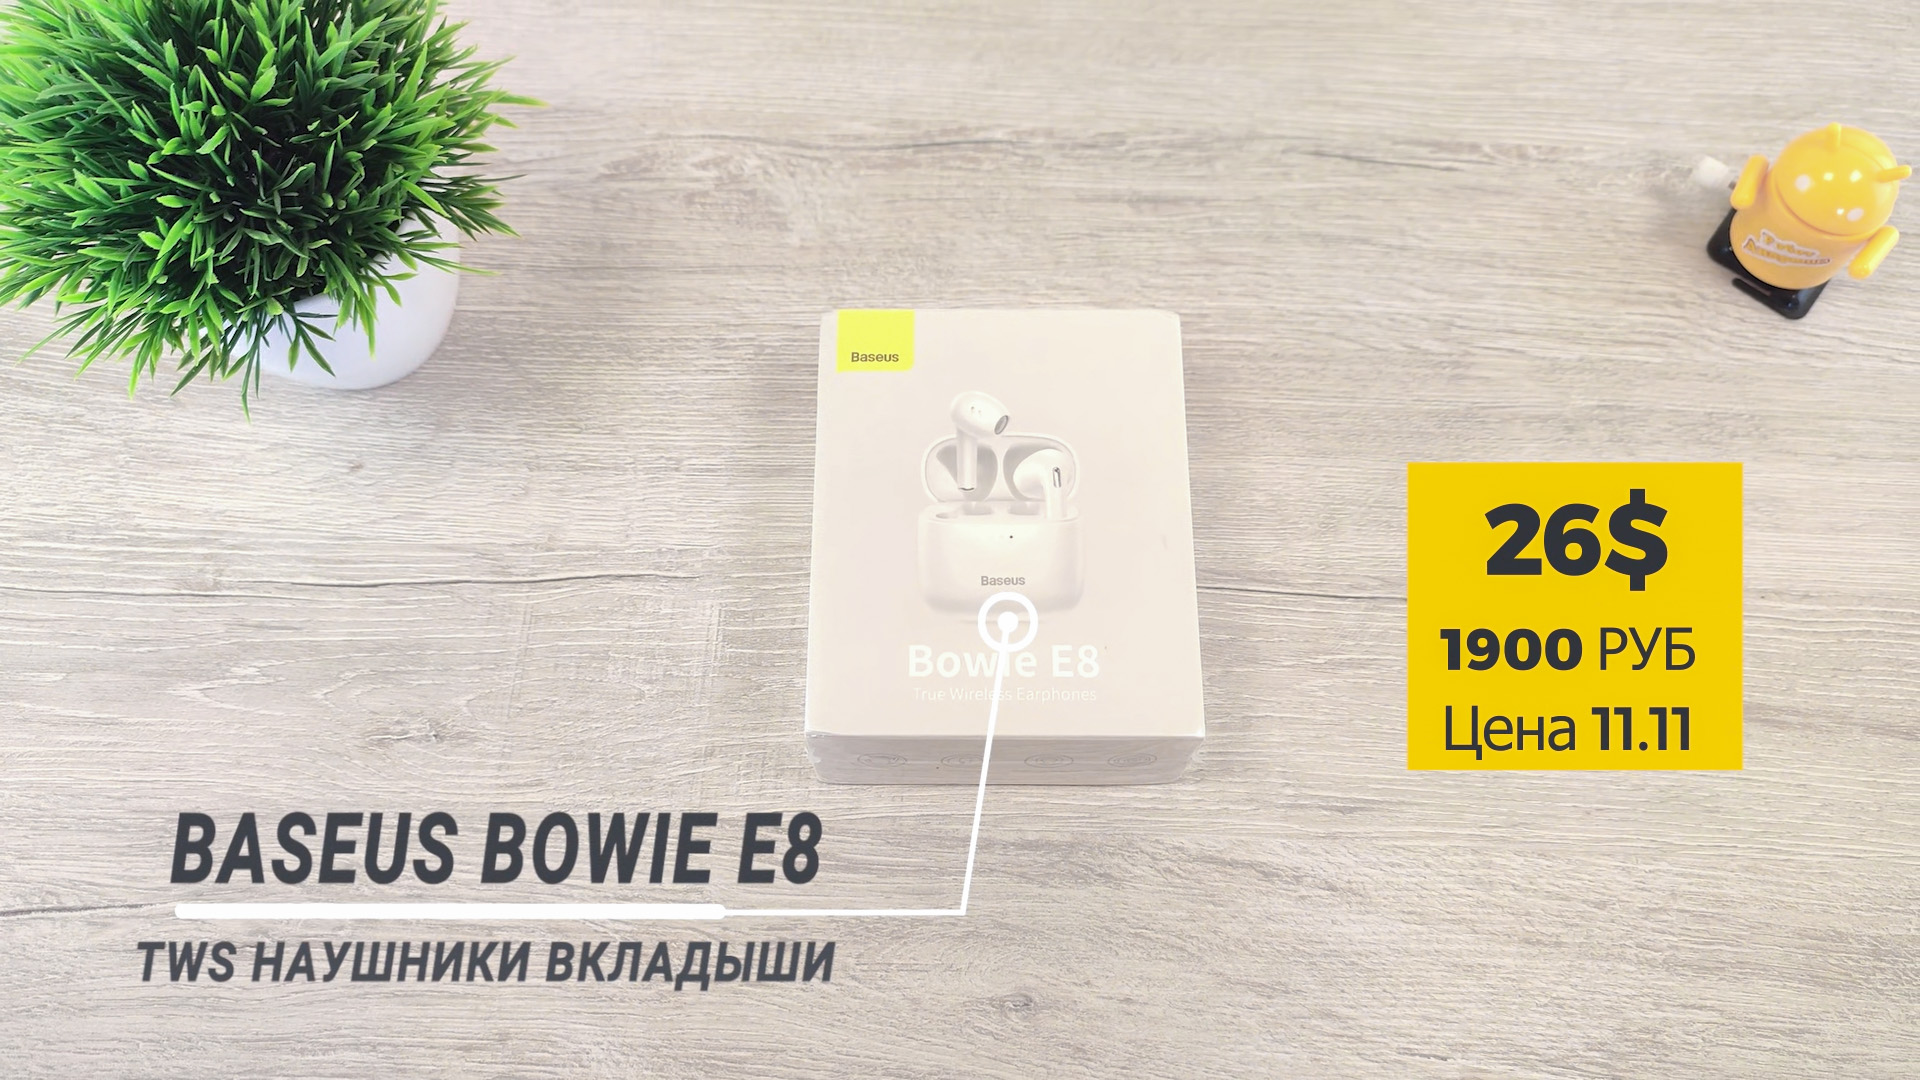 Baseus Bowie E8 box
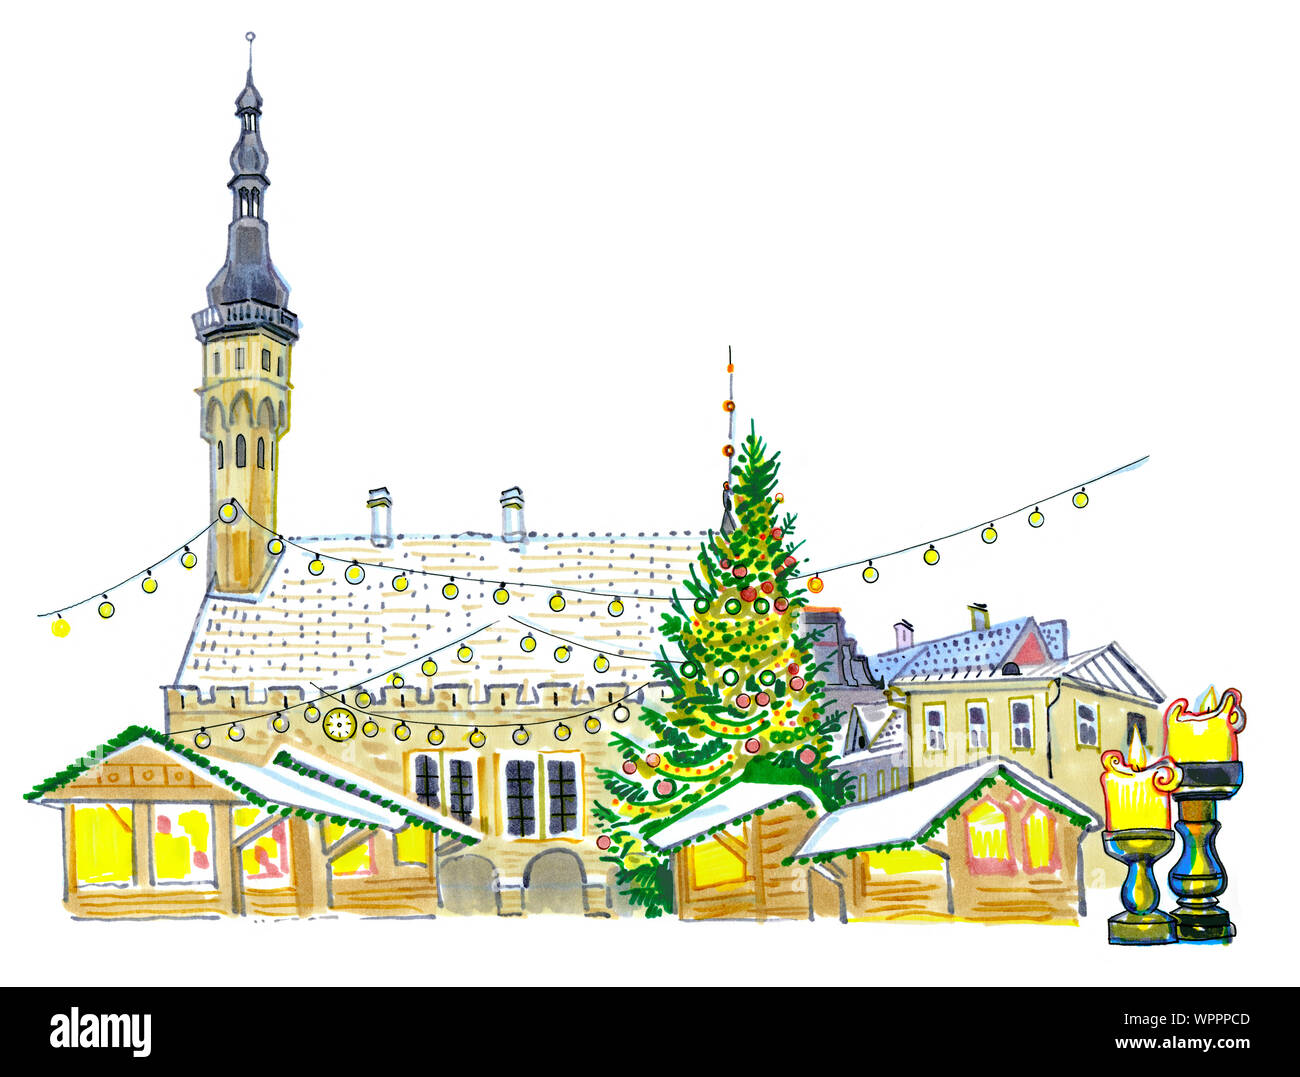 Marché de Noël à la place de l'hôtel de ville de Tallinn, Estonie. Nouvel An des arbres, maison de l'éclairage, des bougies, de la neige sur les toits. À la main sketchy styl Banque D'Images
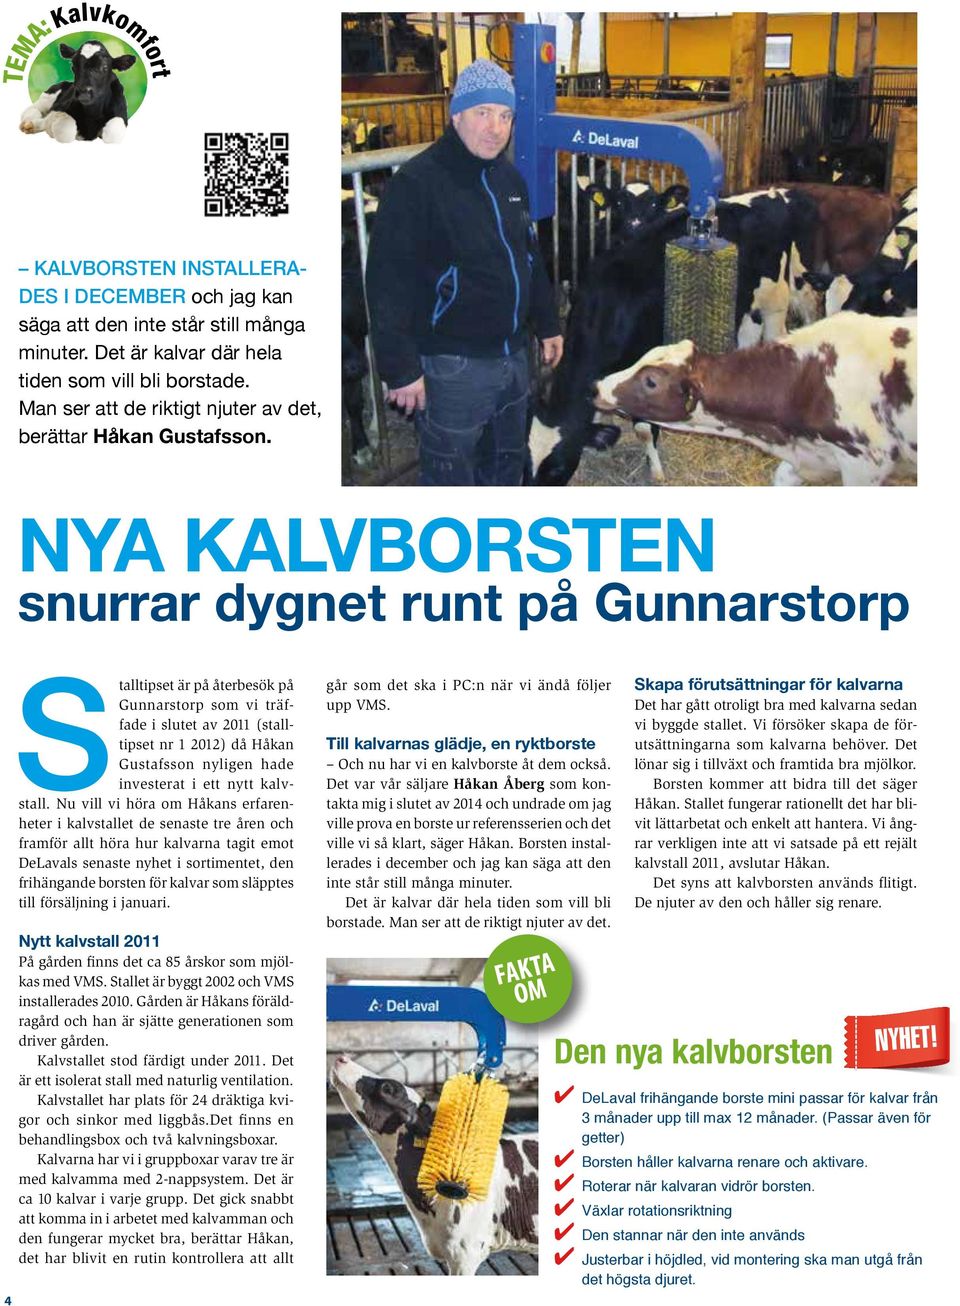 NYA KALVBORSTEN snurrar dygnet runt på Gunnarstorp 4 Stalltipset är på återbesök på Gunnarstorp som vi träffade i slutet av 2011 (stalltipset nr 1 2012) då Håkan Gustafsson nyligen hade investerat i

* **Task description**
Everything from the top line of the data down to and including the line with "Marché de Noël" is to be copied, except the pictures.

* **Solution below**
 Baseus Bowie E8 box
 Marché de Noël à la place de l'hôtel de ville de Tallinn, Estonie. Nouvel An des arbres, maison de l'éclairage, des bougies, de la neige sur les toits. À la main sketchy styl Banque D'Images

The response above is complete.